Parallels may be drawn to the Arrigo/Vella cases of late and in particular to the notion of knowledge of corrupt offers. At this stage our assessment cannot be more than presumptive given the lack of information about what links John Dalli damningly to Zammit’s activities. So while we can safely say that on the basis of OLAF’s declarations a strong case has been built against Zammit (and I would  add that on the basis of certain emails even Swedish Match might be liable to at least some investigation so long as it could have gone along with the auction), we have little or no certainty about Dalli’s criminal involvement.

This makes even more sense when we look at the next paragraph in OLAF’s statement:

OLAF has also concluded that there are a number of unambiguous circumstantial pieces of evidence gathered in the course of the investigation, indicating that Commissioner DALLI was aware of the activities of the Maltese entrepreneur and of the fact that this person was using the Commissioner’s name and position to gain financial advantages. OLAF found that Commissioner DALLI had taken no action to prevent or dissociate himself from the facts or to report the circumstances. In line with Regulation 1073/99, OLAF referred the case to the President of the Commission, for his consideration in light of the provisions laid down by the“Code of Conduct for the Commissioners”, C (2011) 2094.

What stuck out for me is the fact that after outlining this next set of facts OLAF explains how it referred them to someone distinct from the person who was at the receiving end of the first set of facts. In the case of the circumstantial evidence showing that Dalli was aware of Zammit’s activities OLAF specifies that these were referred to the President of the Commission for his consideration in the light of the provisions of the Code of Conduct for the Commissioners. I find this disconcerting to say the least. On the one hand I can understand that circumstantial evidence might be sufficient to prove a violation of a code of conduct but irrelevant in criminal proceedings but would that not be a call for Malta’s AG to make?

On the other hand it would explain Barroso’s swift action to oblige Dalli to relinquish his post. If Dalli will forgive me the female reference “Caesar’s wife must be above suspicion” and that means that Barroso might not require anything more than circumstantial evidence in order to rid himself of an uncomfortable commissioner. OLAF might have realised that this circumstantial evidence would not hold water other than within the confines of a strictly applied code of conduct – and opted to separate the two issues.

Repercussions

It is important to stress that my above analysis is based on a press release and just a press release.
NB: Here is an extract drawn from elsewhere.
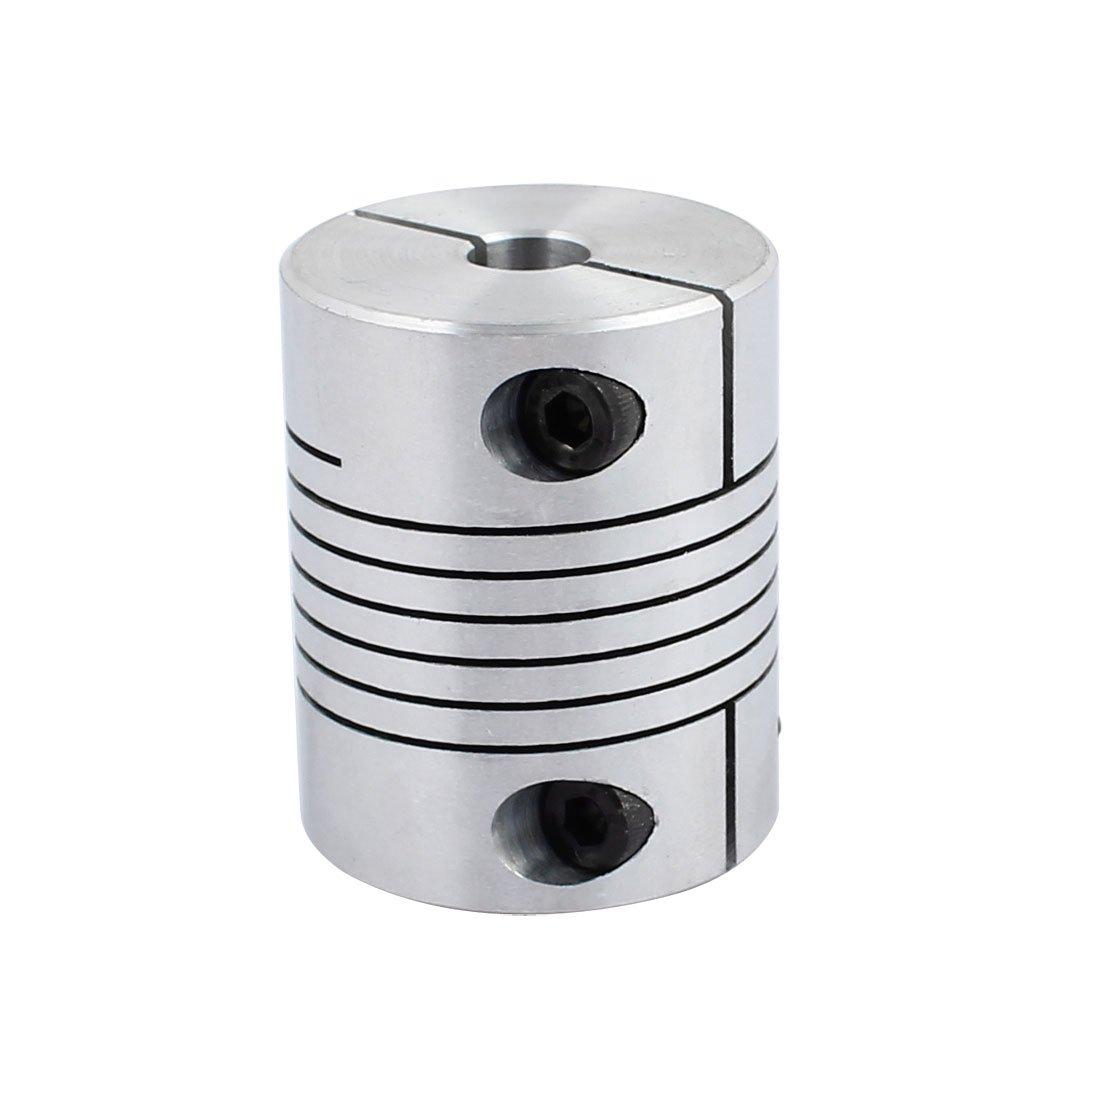 uxcell 8mm to 12mm Shaft Coupling 40mm Length 32mm Diameter Stepper Motor Coupler Aluminum Alloy Joint Connector for 3D Printer CNC Machine DIY Encoder

Be that as it may and given the original enigmatic responses of Mr Kessler this might be a good reading of the modus operandi in OLAF’s case.

On an EU level the level of evidence required to prove that a Commissioner is blemished  is low. That may be because the Commission cannot afford to make mistakes. Before we heard of the amounts involved (€60m) a large number of journalists were still wondering what Dalli did wrong. Dalli might have had a chinese wall between himself and Zammit but the circumstantial evidence was enough for him to be considered to have stepped on the wrong side of the Commission Code of Conduct.

There is however a remote possibility (but still a possibility) that the AG’s conclusions might turn out to be surprising. Zammit seems to have no hope in hell of getting out of this. He’ll probably get the book thrown at him and more. His actions (if proven as OLAF seems to have proven them) make him fall foul of most of the provisions in the Criminal Code. Dalli? Now that all depends on the links that the AG can create based on the evidence before him. Will the proof that he was aware of Zammit’s activities be substantial? Will it suffice? The Arrigo/Vella cases might have some answers already but there might be more than that required here. It’s an open question but it might also be time for us to consider the scenario where John Dalli is not found to have committed any crime under Maltese law. The faeces might still be about to hit the rotating cooling device.

It may be far fetched but it is, as I say, a remote possibility.

 

 

Dalligate avec du recul – (Part II – Regrets they have a few)

The day Dalli resigned from the Commission (or was forced to resign if you prefer) I got a call from Malta. “They’ve just mentioned his resignation on RTK. Is he preparing for the election too?” You couldn’t fault this way of thinking if you wanted to. A man had just resigned from probably one of the highest posts within the European Union and the first thought that probably sprung to the mind of many Maltese was in relation to the forthcoming national elections. Will Dalli be back like a latter-day Schwarzenegger? Slowly, as events unfolded it became more and more clear that Dalli was out through no choice of his own but this did not assuage the thirst for Melito-centric interpretations of the goings-on.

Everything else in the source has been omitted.